Namibian politician and activist

Maximalliant Tjekupe Katjimune (born 11 February 1998) is a Namibian politician who served as Member of Parliament from the Popular Democratic Movement from 2022 to 2025.

==Education==

Katjimune attended Namibia Primary School (NEPS) in Katutura, Windhoek from 2005 to 2011. He then attended Jan Mohr Secondary School from 2012 to 2016, before enrolling at the University of Namibia where he did a Bachelor of Arts in Political Studies and Sociology.

==Career==
Katjimune joined student politics at Jan Mohr Secondary School when he was recruited into the Namibia National Students Organisation (NANSO). In 2015, he set up the first ever NANSO branch at Jan Mohr Secondary School, at a time when the school was dominated by a history of apartheid and anti-activism. He was elected the Branch Chairperson in 2015. In 2016, he was elected to the NANSO Khomas Regional Executive Committee (KREC) as the Regional Secretary for Political and Internal Affairs.

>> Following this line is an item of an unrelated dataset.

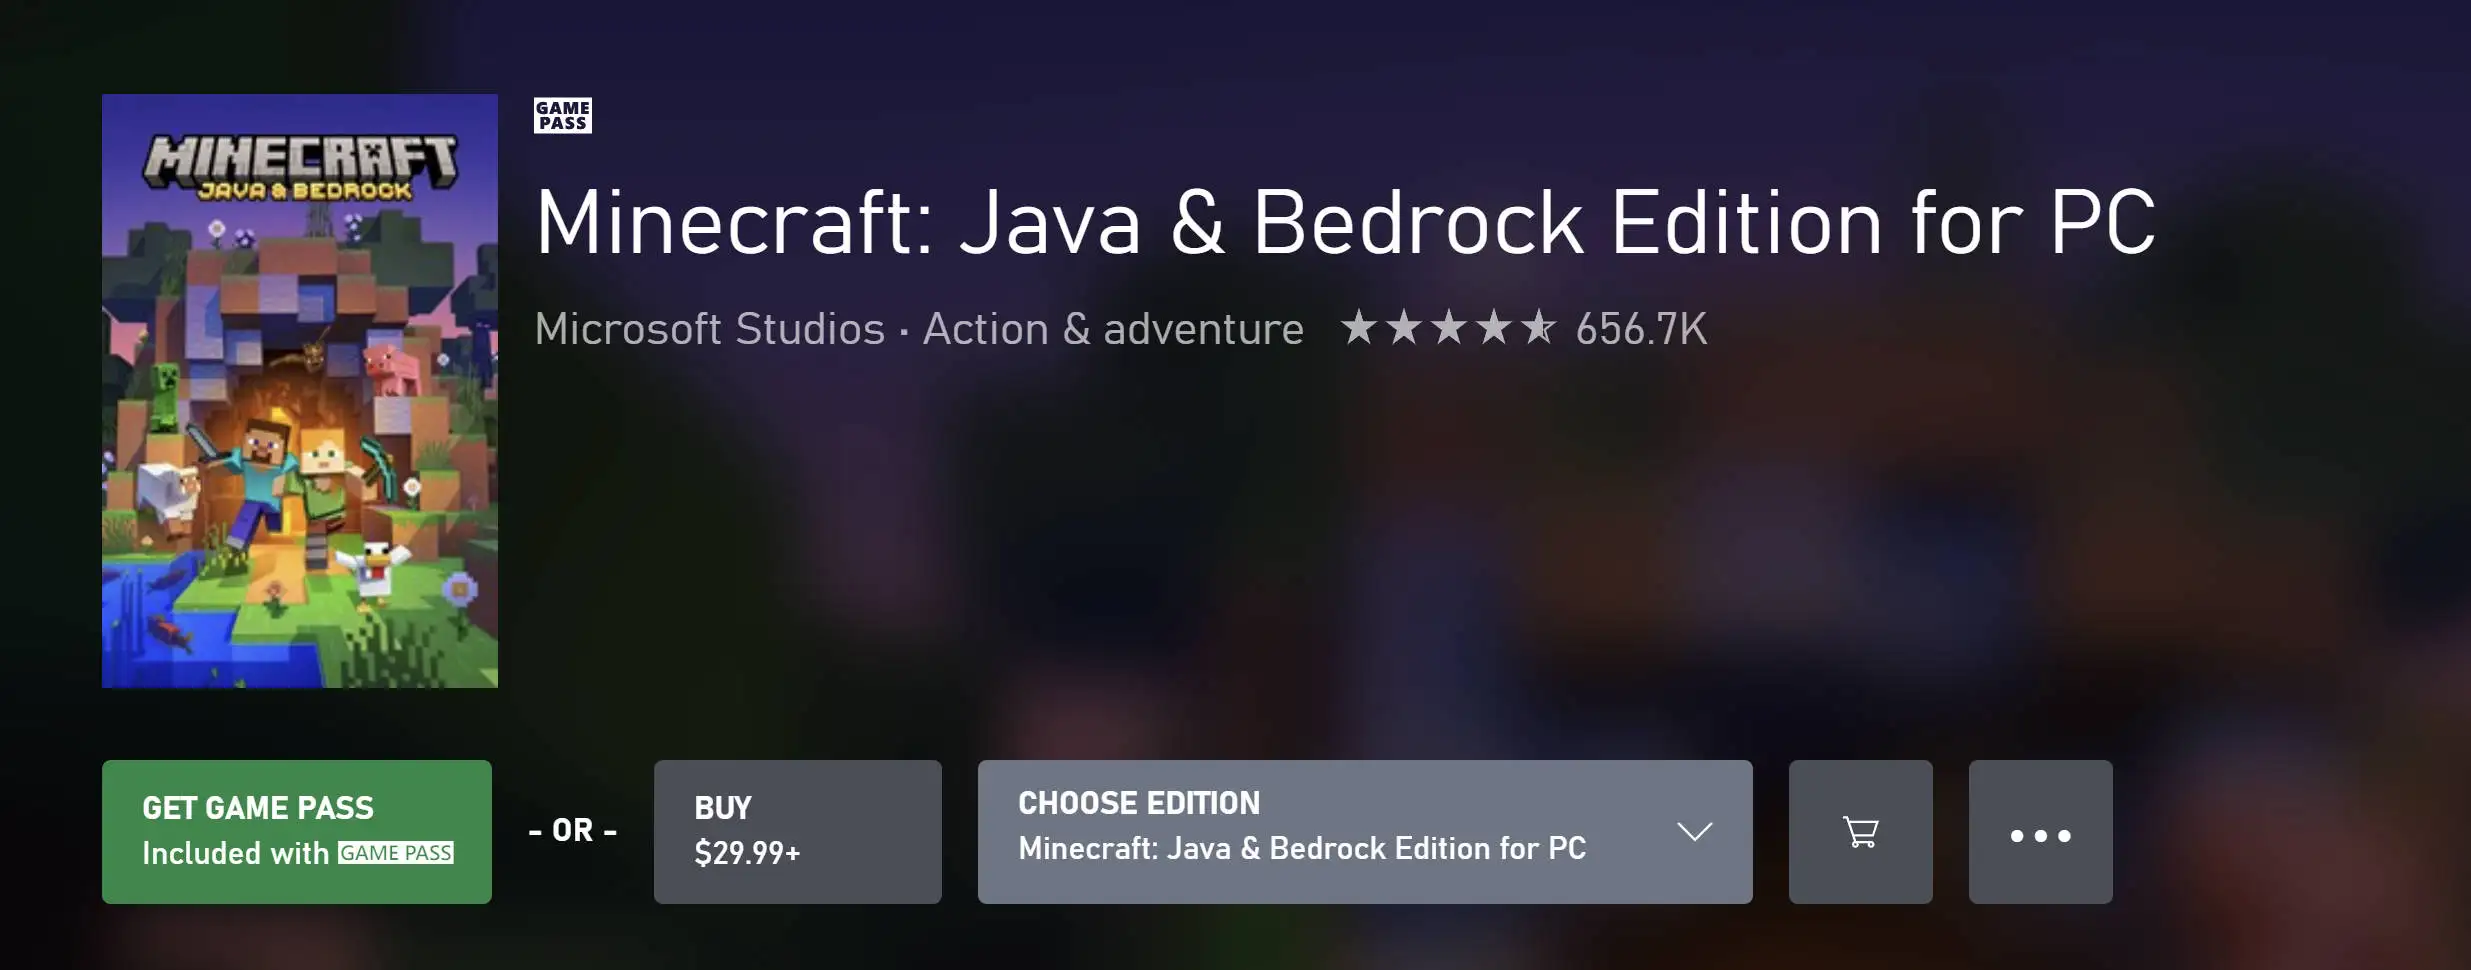 Minecraft Java & Bedrock Editions out now for PC as package deal

During his years at the University of Namibia, he served as the Faculty Representative for the Faculty of Humanities and Social Sciences, the Spokesperson of the SRC as well as the SRC Speaker of Parliament. He joined mainstream politics in 2018 when he joined the PDMYL and was subsequently appointed as the National Spokesperson of the PDMYL. In September 2019, he was nominated as part of McHenry Venaani's 5 candidates to form part of the PDM's list to the National Assembly at the age of 21, thus becoming one of the youngest candidates ever to be nominated to a party list for the National Assembly. He was initially placed number 22 on the PDM list, and the PDM only attained 16 seats hence he was initially not sworn in as a member of the National Assembly on 20 March 2020. He then worked as a Researcher and Speechwriter for the PDM Parliamentary Caucus from June 2020 to May 2022, whereafter he was sworn in as a Member of the National Assembly on 6 June 2022 at the age of 24 following a Supreme Court judgment regarding the PDM list.